On March 21, 2013, Prof. Reuven Zimlichman was appointed as InterCure's medical director. According to his consulting agreement, he will provide InterCure services consisting of R&D consulting, IP and medical regulation management. For a maximum of 20 hours of consulting a month, Prof. Zimlichman will be entitled to a monthly fee of US$ 1,500. He will also be granted 125,000 options exercisable into 125,000 Ordinary shares of InterCure for an exercise increment of NIS 0.54 per stock option. The stock options vest in 12 equal portions each quarter over a period of three years from the grant date.

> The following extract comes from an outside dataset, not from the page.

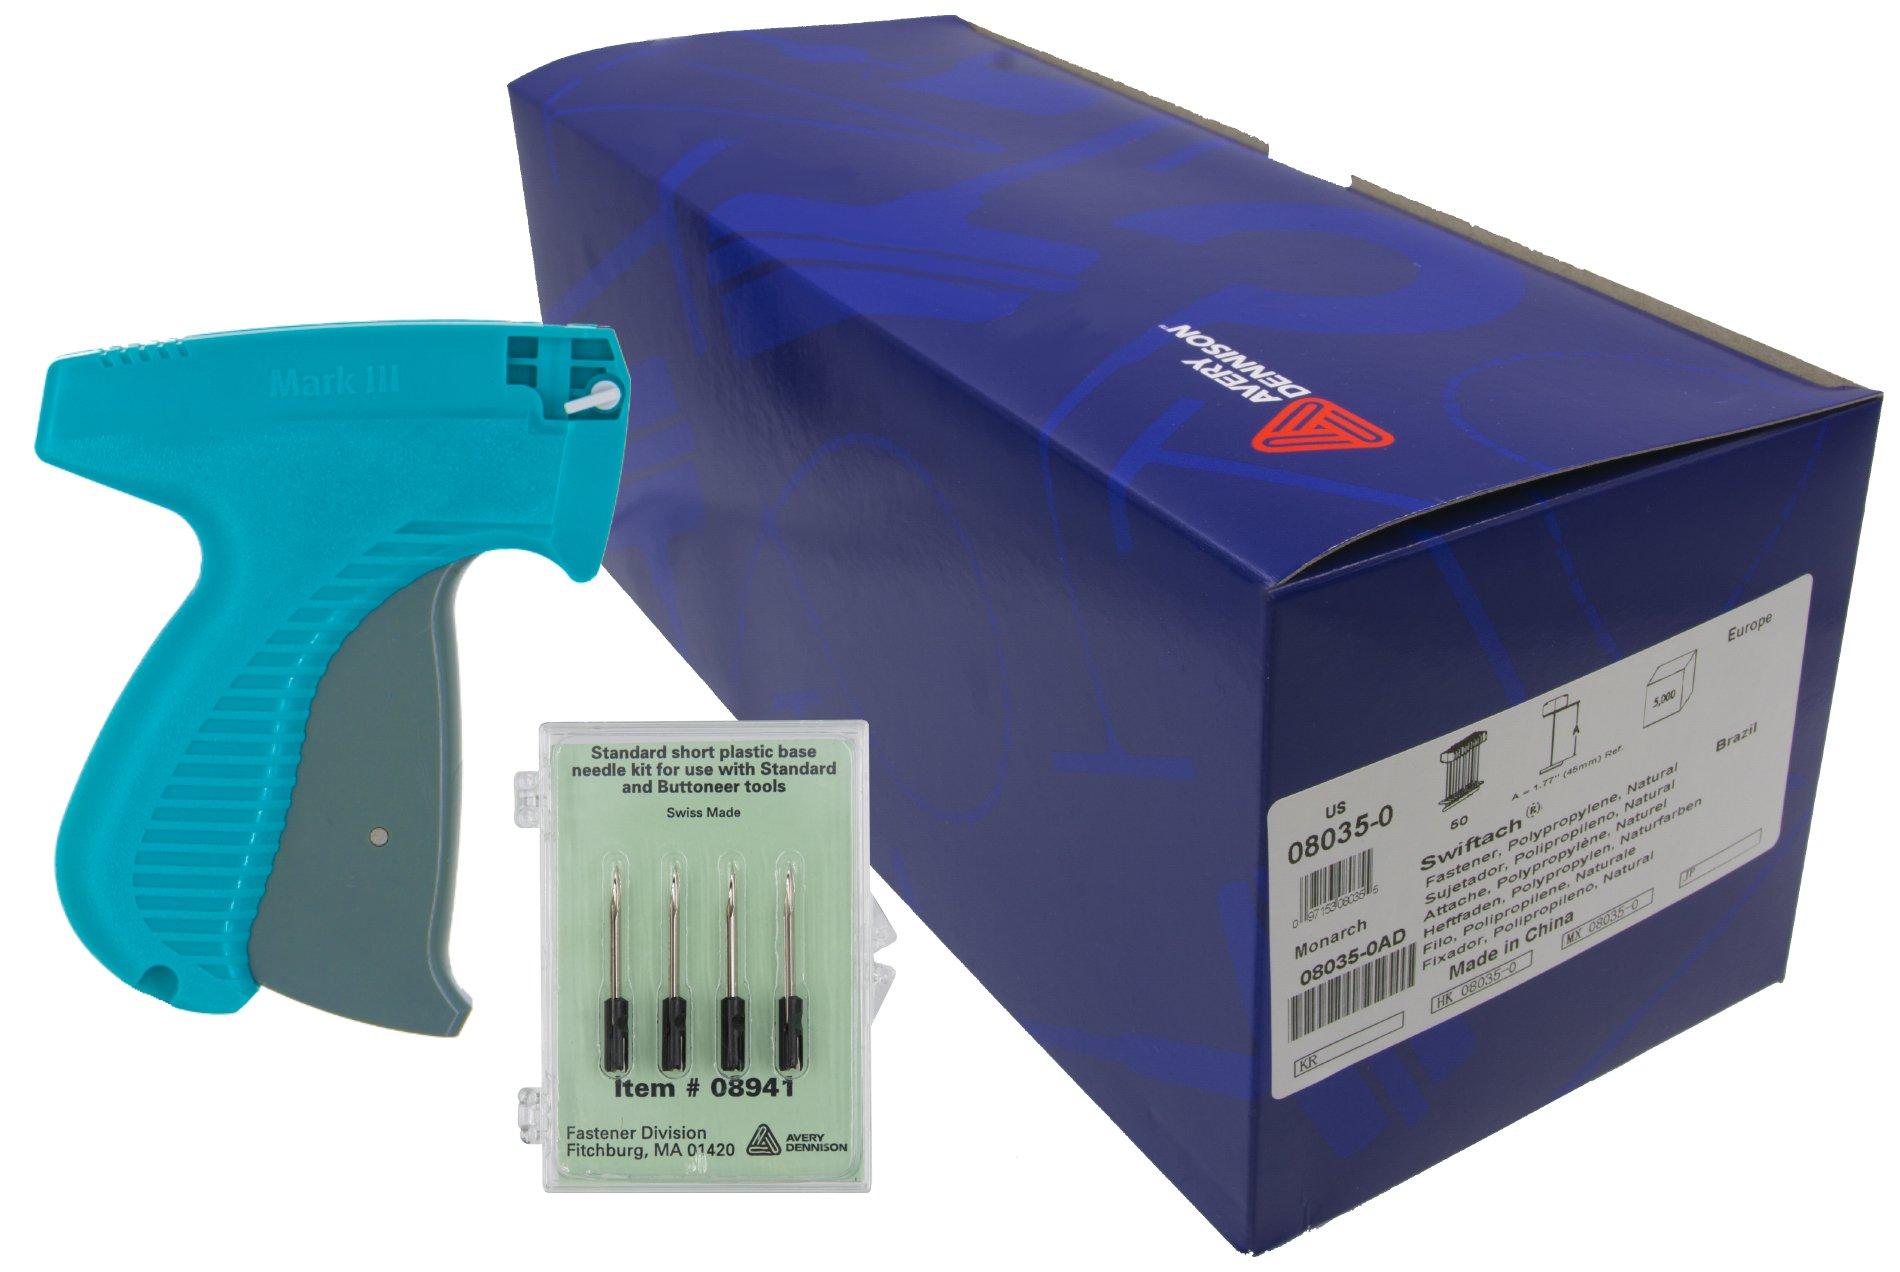 Avery Dennison Mark III Tagging Gun Kit - Includes Mark III 10651 Regular Tagging Gun, 5.000 2'' Avery Dennison Fasteners / Barbs & 4 Avery Dennison Replacement Needles – ALL GENUINE AVERY DENNISON

Alternatively, if as a result of the signing of an agreement between InterCure and a medical institution (such as a sick fund) for the sale of InterCure's products through the medical institution the total sales of InterCure's products exceed US$ 175,000, then 30% of the then unvested stock options will vest. In addition, Prof. Zimlichman will be entitled to receive a non-recurring bonus from InterCure in the occurrence of the following:

 

In the event of completion of a transaction led by Prof. Zimlichman between InterCure and a medical institution (such as a sick fund) for the sale of InterCure's products through the medical institution (in this paragraph "a transaction") as a result of which the total sales of InterCure's products exceed US$ 100,000, Prof. Zimlichman will be entitled to a bonus of US$ 4,000.